My Male CK & Female Ruby Rose with Red frill...


----------



## getarealdog (Jan 29, 2015)

Very nicely done, I'm sure they will enjoy themselves in there.


----------



## PistolPython (Jan 30, 2015)

I just got a Frilly and your design looks awsome. It give me some great ideas. Is that a serpens 200 from reptile one?
Did you get the back wall made up or did it come with the vivarium.


----------



## DeadlyDanny80 (Jan 30, 2015)

PistolPython said:


> I just got a Frilly and your design looks awsome. It give me some great ideas. Is that a serpens 200 from reptile one?
> Did you get the back wall made up or did it come with the vivarium.


Frillies are so awesome & have personality plus... Yes that's a Serpens 200... I had the background custom made by newellistic reptile displays here in Brisbane... Its 900mm long x 900mm wide x 1200mm high... 2 x 125 watt MVB's to provide to basking spots so each frillie gets adequate UV & heat


----------



## PistolPython (Jan 31, 2015)

Thanks for the info.
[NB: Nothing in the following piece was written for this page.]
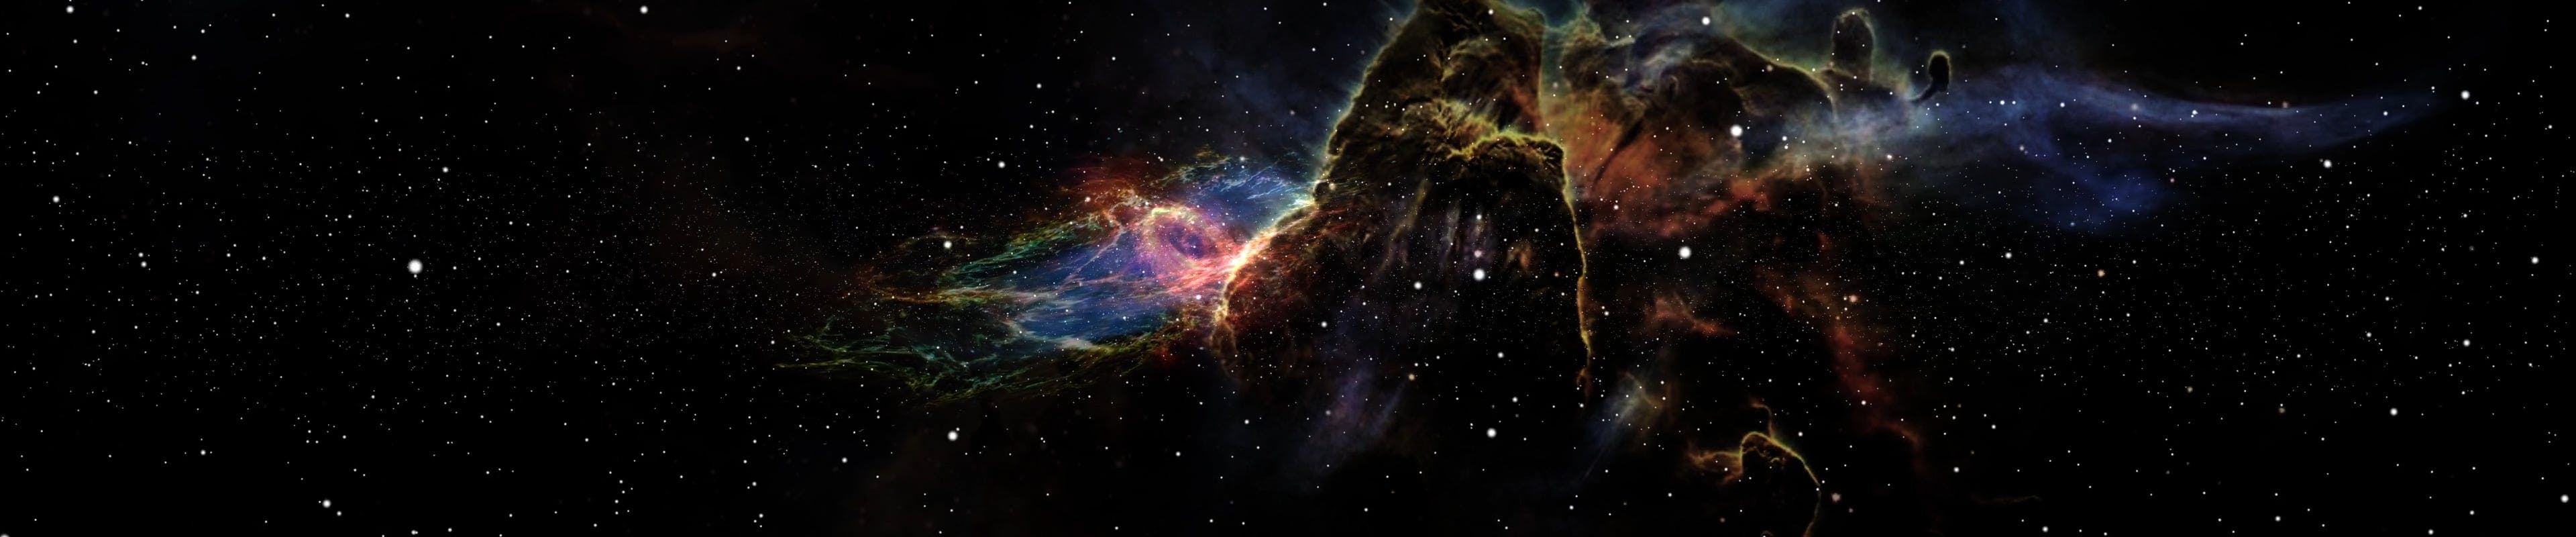 CGI Animation Of Galaxy

I had a look at the newellistic web site and they are very well priced and they look fantastic. Definitely look into a back ground when i get another set up.


----------



## DeadlyDanny80 (Feb 1, 2015)

PistolPython said:


> Thanks for the info. I had a look at the newellistic web site and they are very well priced and they look fantastic. Definitely look into a back ground when i get another set up.


He does a fantastic job... Well worth it


----------



## reptalica (Feb 4, 2015)

DeadlyDanny80 said:


> Frillies are so awesome & have personality plus... Yes that's a Serpens 200... I had the background custom made by newellistic reptile displays here in Brisbane... Its 900mm long x 900mm wide x 1200mm high... 2 x 125 watt MVB's to provide to basking spots so each frillie gets adequate UV & heat



Which brand MVB's do you use mate?

I only run MVB's with my Central Netted colony.


----------



## DeadlyDanny80 (Feb 4, 2015)

reptalica said:


> Which brand MVB's do you use mate?
> 
> I only run MVB's with my Central Netted colony.
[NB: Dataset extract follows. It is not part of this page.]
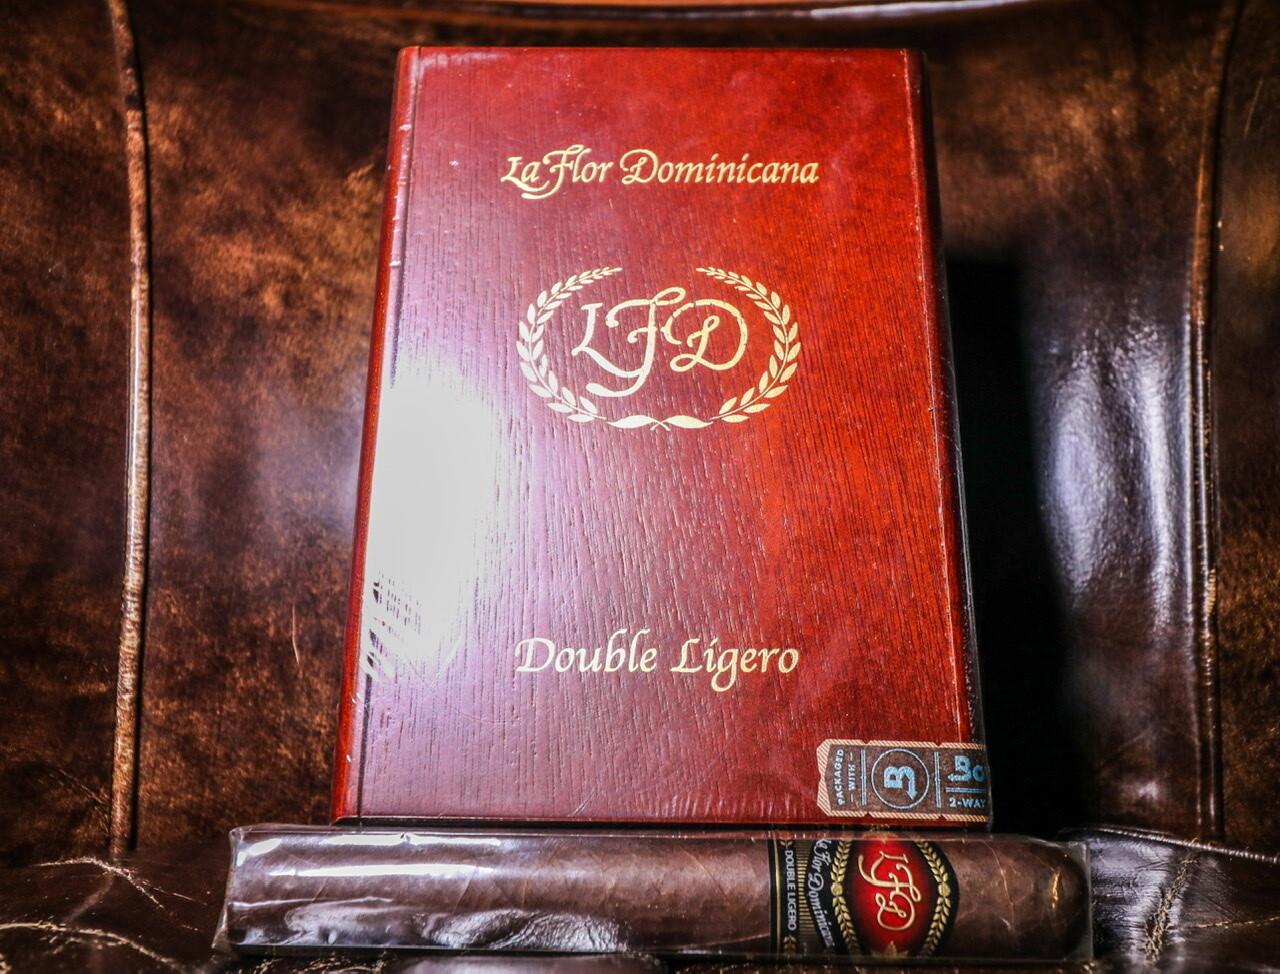 LFD Double Ligero DL-700 MADURO, 6-1/2X60, 20's DL700

Hi Mate, I use 2 x 125 watt exo Terra MVB's in this frilly enclosure & also 1 x 125 watt exo terra MVB in my bearded dragon enclosure also... Getting good basking temps....


----------



## imported_Varanus (Feb 5, 2015)

Nice work. These are the next best thing to MVB's. Externally ballasted, so last longer, though they need to for the price...I won't be switching back, though.


----------